### [EXERCISE PROMPT]
Nothing but an exact copy is asked for: the lines in the material below from the one with "Korisnici za komunikaciju" through the one with "Caran d'Ache Grafwood Pencils and Sets", pictures excluded.

### [PROVIDED MATERIAL]
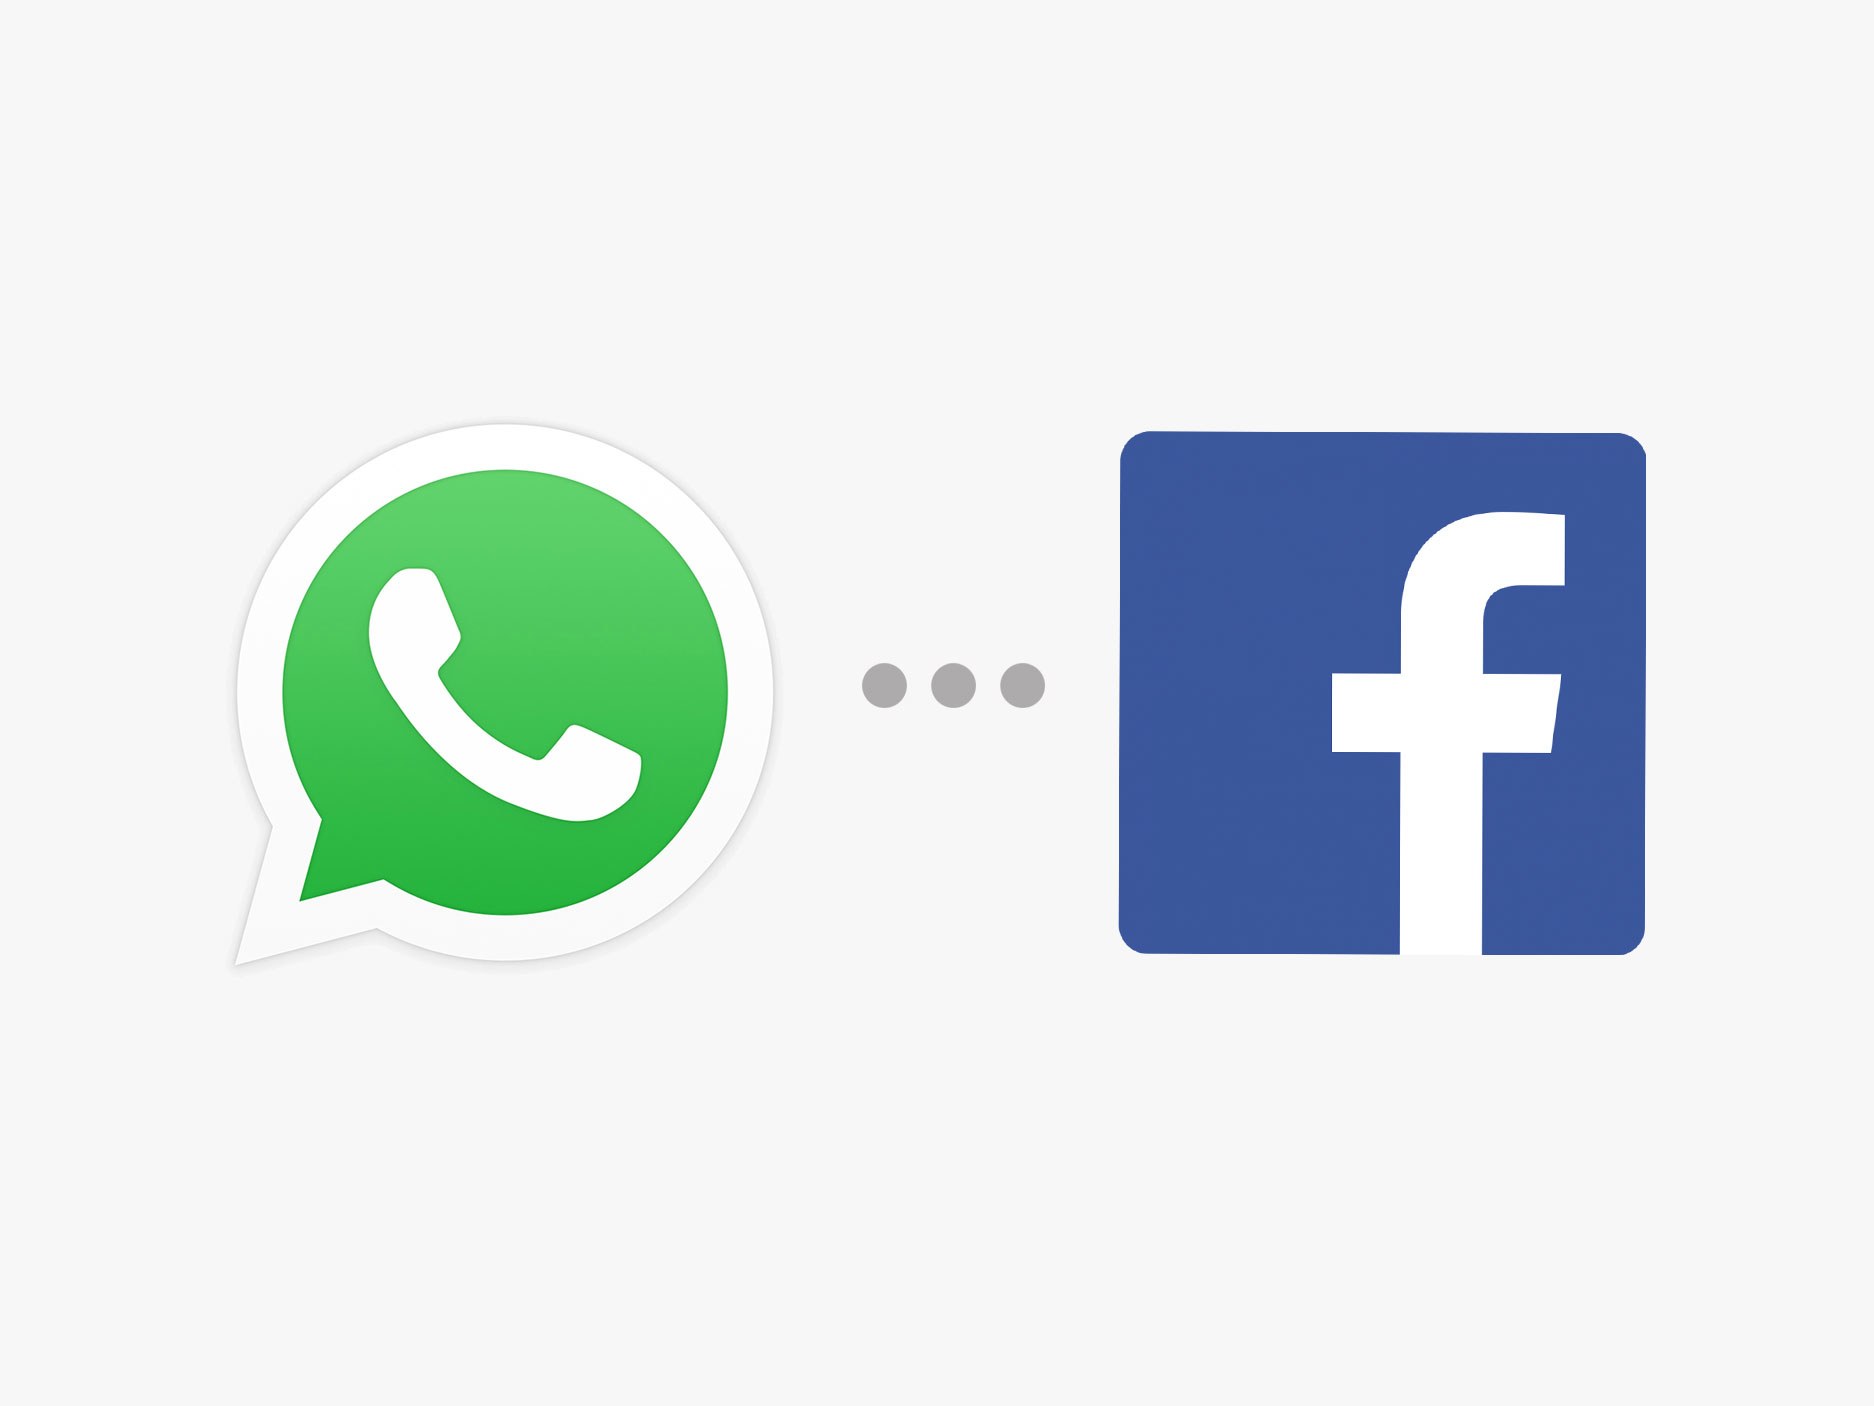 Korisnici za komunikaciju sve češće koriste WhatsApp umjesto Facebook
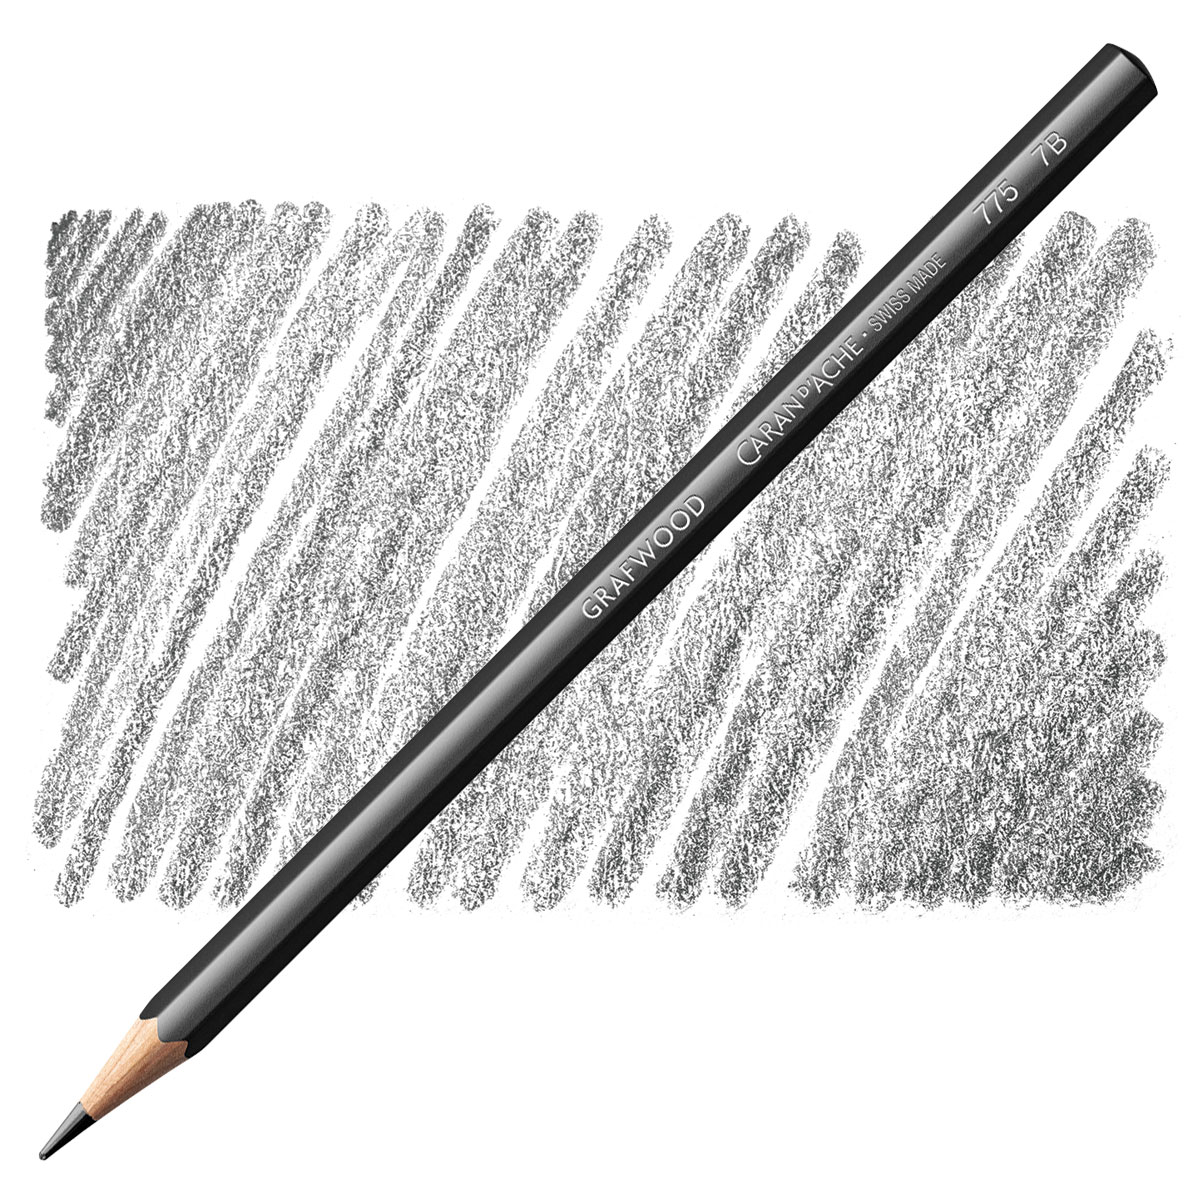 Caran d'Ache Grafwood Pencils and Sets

--

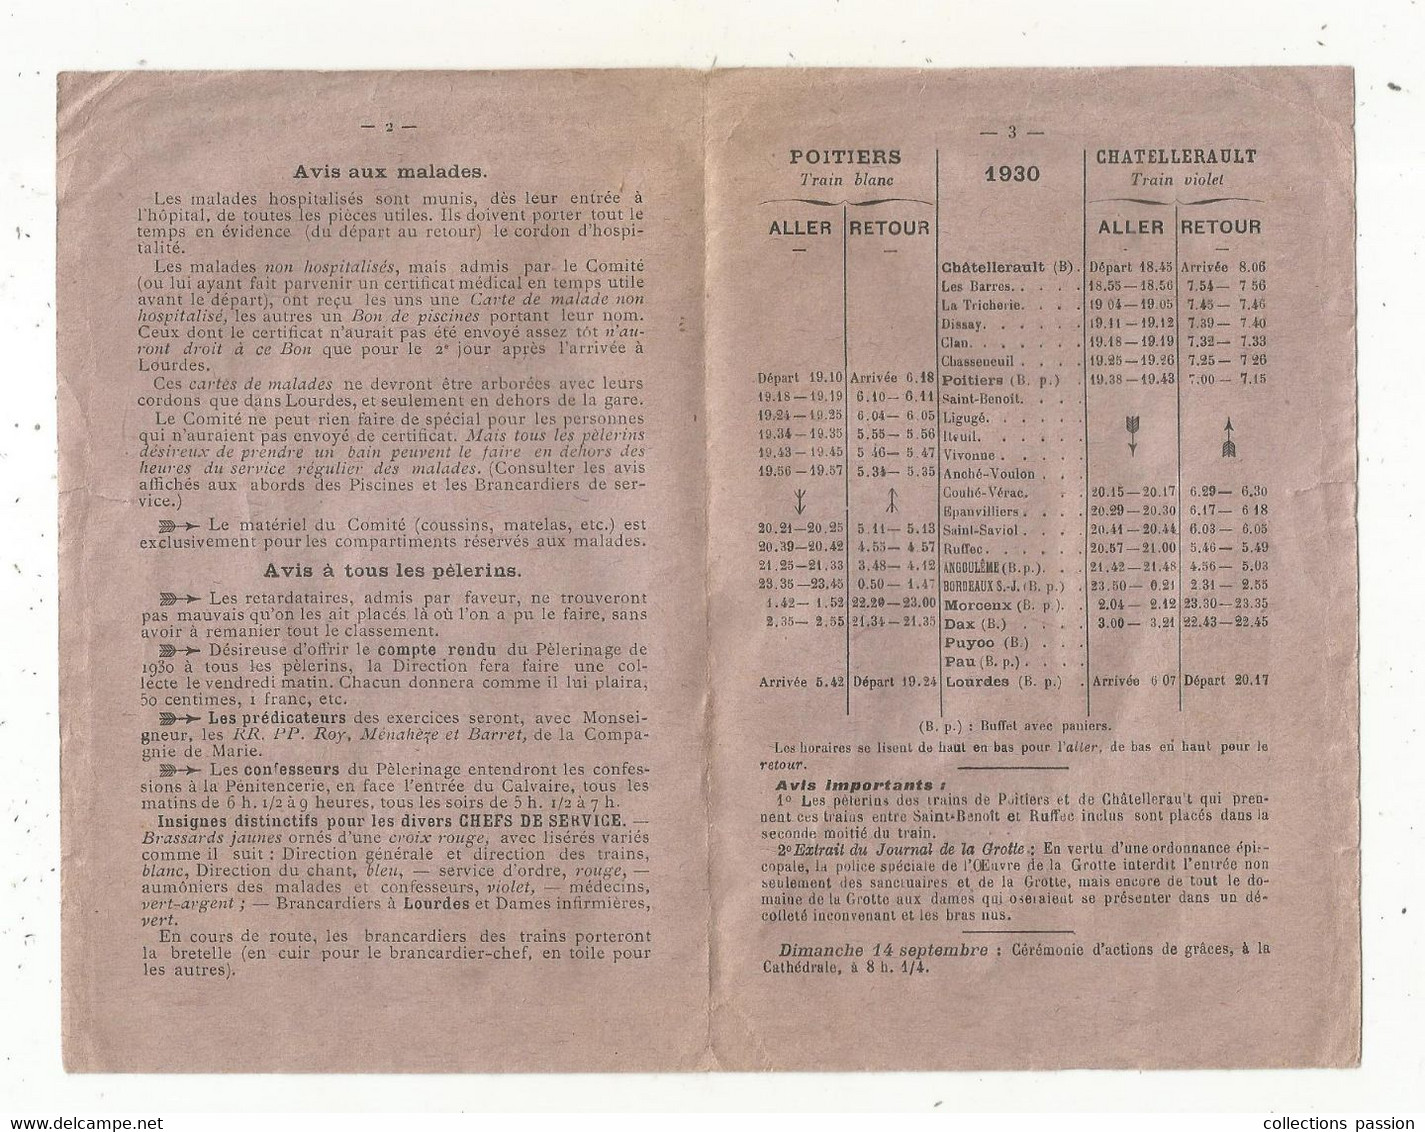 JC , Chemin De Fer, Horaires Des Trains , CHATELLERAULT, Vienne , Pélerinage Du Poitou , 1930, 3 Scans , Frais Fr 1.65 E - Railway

### [SOLUTION]
 Korisnici za komunikaciju sve češće koriste WhatsApp umjesto Facebook
 Caran d'Ache Grafwood Pencils and Sets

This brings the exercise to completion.